When I decided to enter into a contract agreement to rear dairy-bred heifers, it was with a fair degree of trepidation.

For a start, I don’t readily embrace change (and the older I get the more pronounced this trait becomes), and the seismic shift from working with prime beef animals, to looking at pathetic little doe-eyed creatures almost felt like a backward step.

Despite the apparent certainty of real profitability, there was that other great farming stigma – what would the neighbours think?

We all know rightly what’s being hinted at here; it’s the age-old thing where your street credibility rises significantly as long as the new tractor is either red, blue, or green, whereas if its country of origin was somewhere in eastern Europe then you have immediately become something of an agricultural outcast.

Not for the first time in my farming career, my fears have been completely misplaced, and all preconceived opinions have been well wide of the mark.

At this early stage (the calves have been here for five months), I am struggling to find anything negative to say regarding these wee heifers.

For a start, the whole family has sort of fallen in love with all 30 of them.
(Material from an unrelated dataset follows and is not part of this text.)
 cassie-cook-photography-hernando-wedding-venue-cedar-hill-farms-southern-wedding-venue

Far from forcing ourselves to confront these narrow little animals on a daily basis, their quiet temperament and gaining nature makes them entirely irresistible.

If you enter the field to check them, a bovine avalanche descends on the quad, to the extent that trying to exit the gate is nearly impossible, unless some meal is used to distract their attention.
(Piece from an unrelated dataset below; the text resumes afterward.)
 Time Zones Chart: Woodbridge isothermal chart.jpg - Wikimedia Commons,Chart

This pleasant temperament is entirely at odds with my beef cattle, which can be positively dangerous if not handled with care (especially in confined areas).

If beef cattle are being weighed, I might ask my wife Susan to record the weights, but she’d be sitting in the relative safety of the tractor cab. By contrast, she stood in the middle of the dairy heifers during weighing and the biggest problem was their tendency to chew everything, while using her as some sort of scratching post.

Target

They are finally beginning to bulk up a bit in size and weight, and towards the end of October averaged over 200kg.

That is just ahead of target weight for their age, and having been weighed sixty days previously, daily liveweight gain was 0.75kg.

When they arrived in early June, they were in the region of 90kg, so I suspect 0.75kg per day has been the rate of growth all along.

Feeding

Meal feeding started at over 1kg per head of a 16% blend, and this was reduced at the end of the summer to about 0.4kg.

Currently, they are back up to 1kg again, and silage has been introduced. Although grass is not yet too scarce, a couple of wet nights could change all that.

One thing that did surprise me was just how little grass they ate for the first couple of months. I didn’t really know what to expect, but for next year I’ll probably treat each calf as one sheep equivalent. I can’t help thinking 30 dry ewes would have eaten as much grass as the calves.

Lungworm

The only small management issue this year concerned lungworm. Despite them being injected with Cydectin LA before arriving here, I had to use a pour-on (Dectomax) in August, and followed this treatment with the same again in late October. The injectable should, theoretically, have lasted until housing, but the more I enquire about lungworm, the more I am assured that programmes of control may not follow any definite pattern.

Despite grazing sheep pastures, it seems a warm and damp growing season can lead to heavy burdens and the common-sense advice appears to centre on treatment when coughing within the group becomes noticeable.

That may not sound too scientific, but it probably has worked well for me.

The next few stages for this enterprise (wintering, turnout, getting them in-calf, growing them onwards) will undoubtedly bring new challenges. But at this stage all trepidation and concern has been replaced with quiet hope and anticipation that everything is easily possible with these unassuming and compliant animals.